17. The computer program product of claim 16, wherein the operation further comprises synchronizing the consistency checks, the video features, and the identified overlapping clips with the one or more timestamps within the video identified by the statement.

18. The computer program product of claim 16, wherein performing the consistency checks between audio and video of the video comprises:

extracting audio track of the video;

converting the audio track into a sequence of syllables, wherein the sequence of syllables comprises a plurality of syllables that are spoken at different time points within the video;

processing the video to create a plurality of sampling frames, wherein each respective sampling frame, of the plurality of sampling frame, is captured at a time point that a respective syllable is spoken; and

comparing each respective syllable, of the plurality of syllables, with each respective sampling frame, of the plurality of sampling frames, to generate a plurality of consistency values.

19. The computer program product of claim 16, wherein examining the one or more video features of the video to detect modifications comprises:

processing the video to create sampling frames at a defined interval;

analyzing each of the sampling frames to extract the one or more video features using one or more image processing algorithms, wherein the one or more vide features comprise at least one of (i) pixilation, (ii) shadows, (iii) colors, (iv) edges, (iv) textures; and

determining the video has been manipulated based on processing the one or more video features using a machine learning model.
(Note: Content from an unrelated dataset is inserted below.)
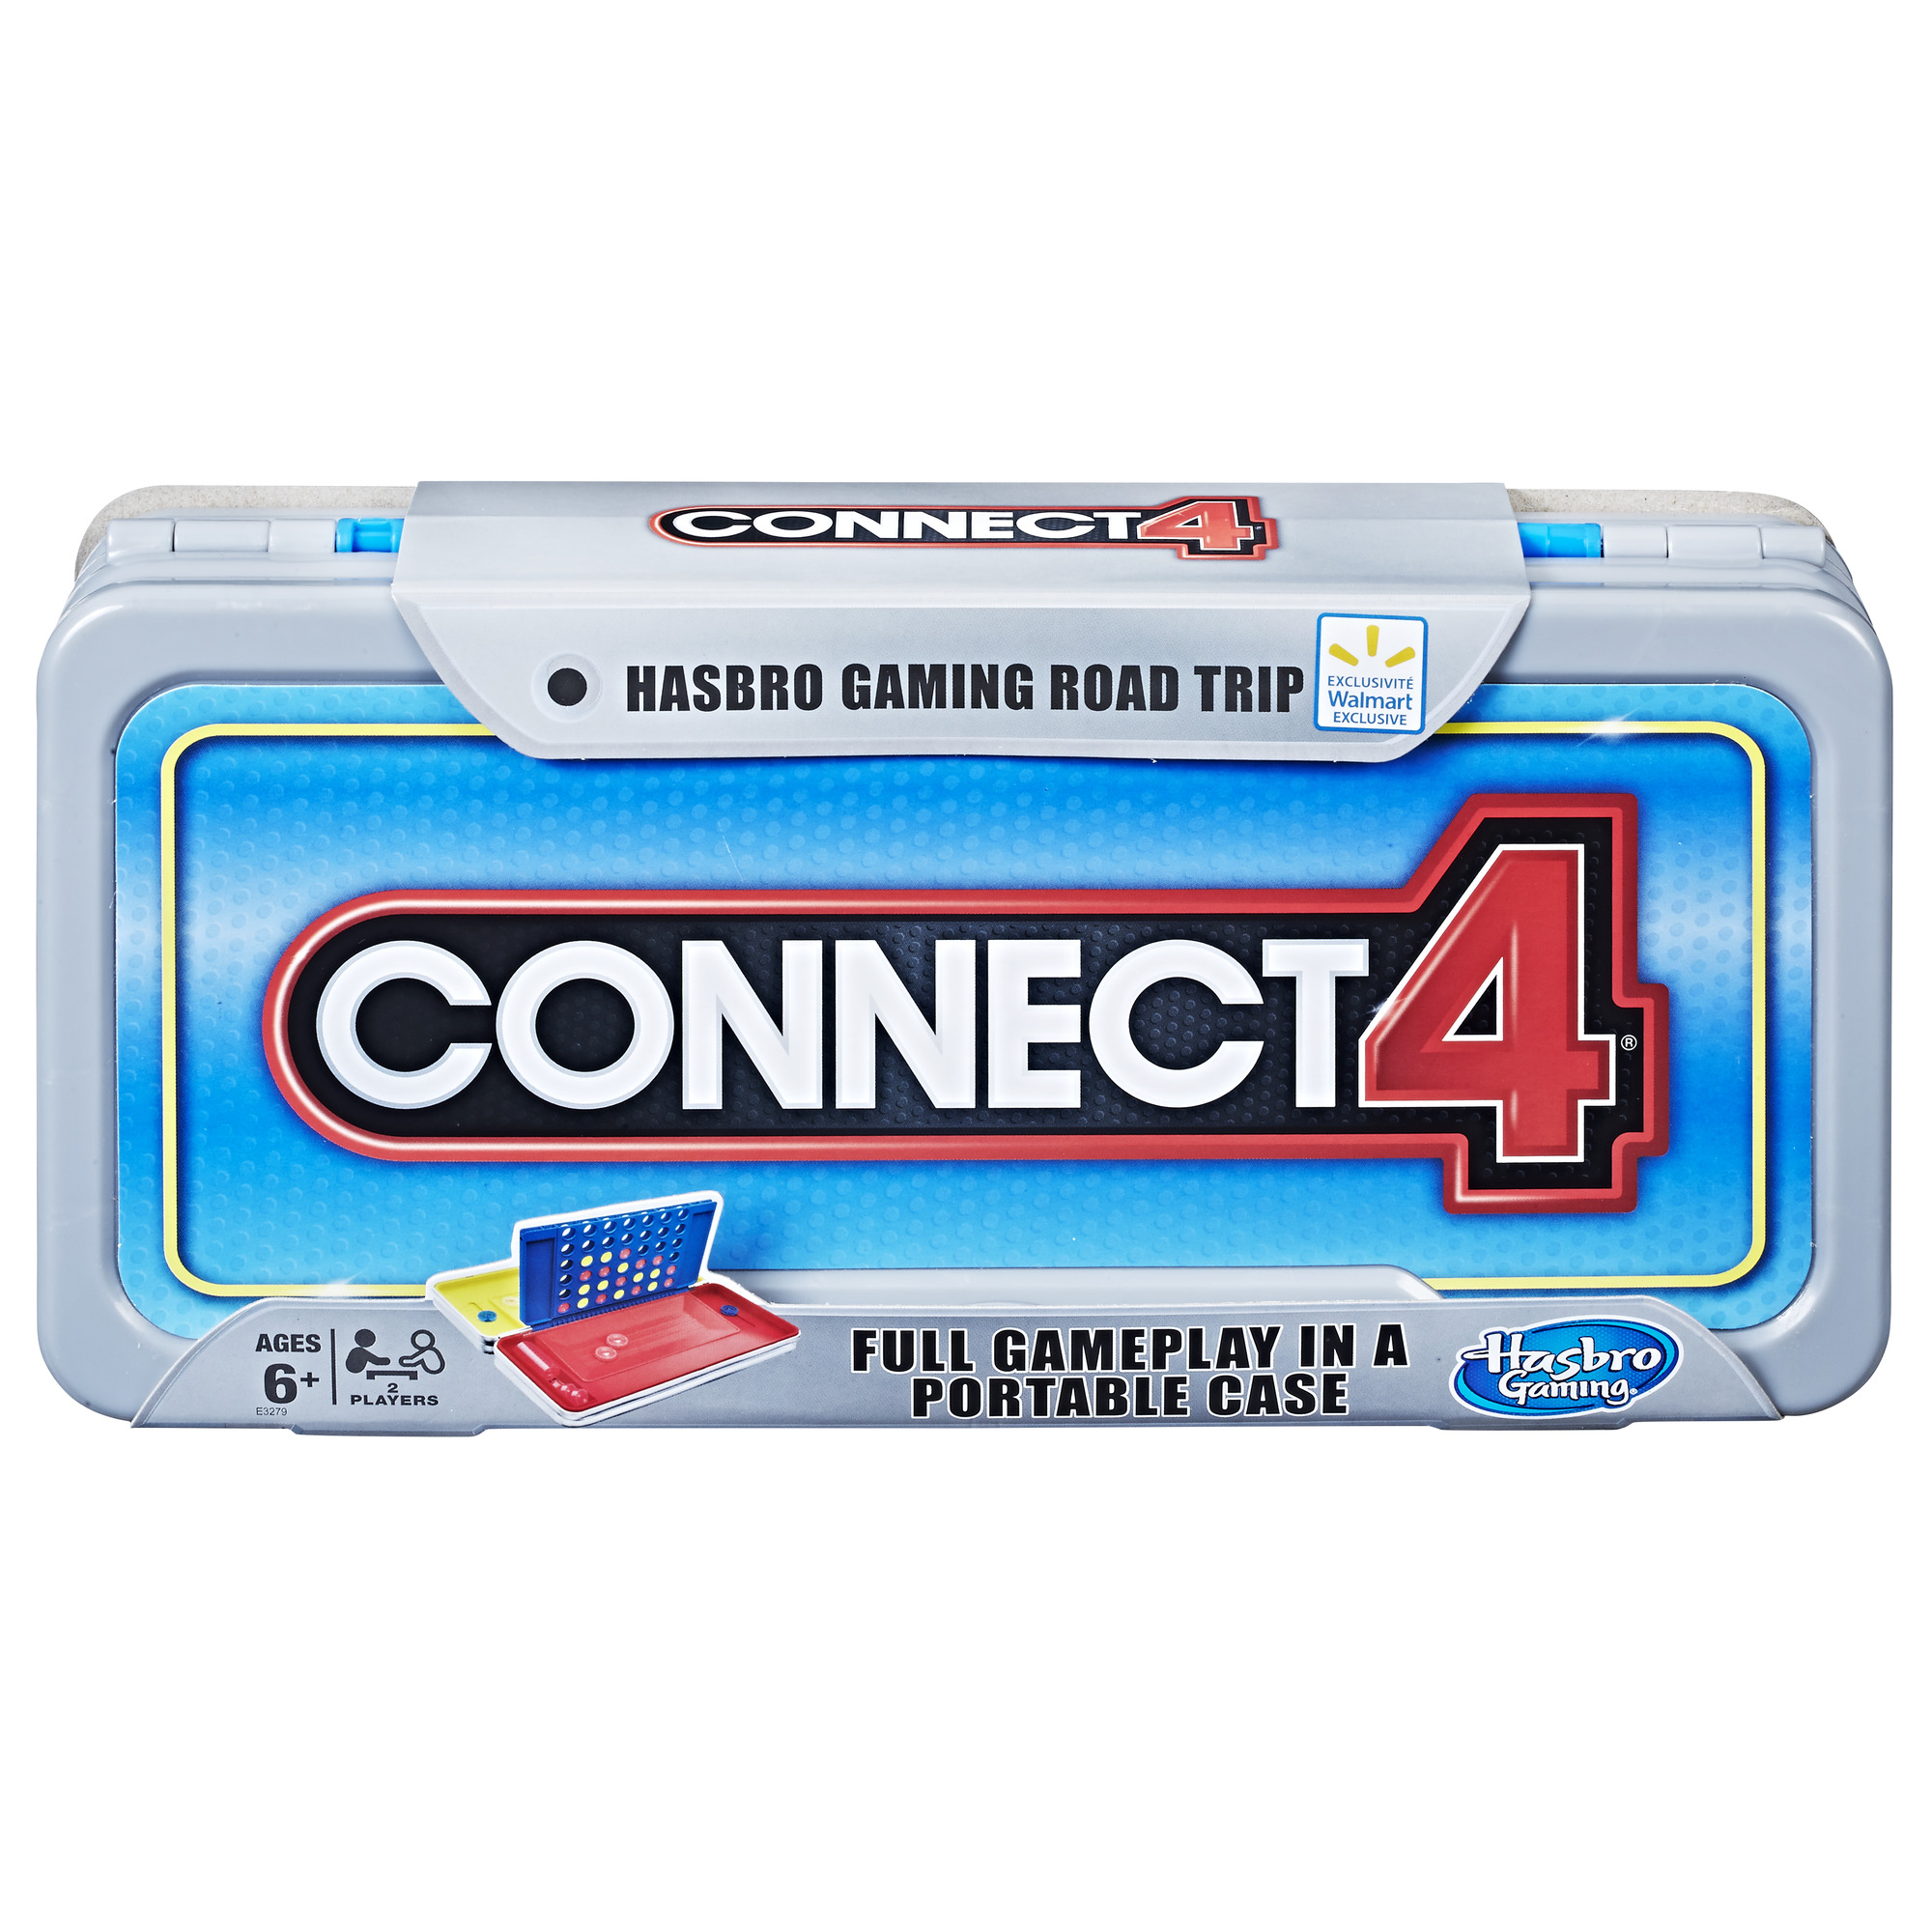 Hasbro Gaming Road Trip Series Connect 4 Board Game; Full Gameplay in Portable Case - image 1 of 2

20. The computer program product of claim 16, wherein identifying overlapping clips between the video and reference video comprises:

processing the video to create sampling frames at a defined interval;

hashing the sampling frames to generate a signature for the video;

retrieving a signature for the reference video from a database; and

comparing the signature for the video with the signature for the reference video to identify the overlapping clips between the video and the reference video.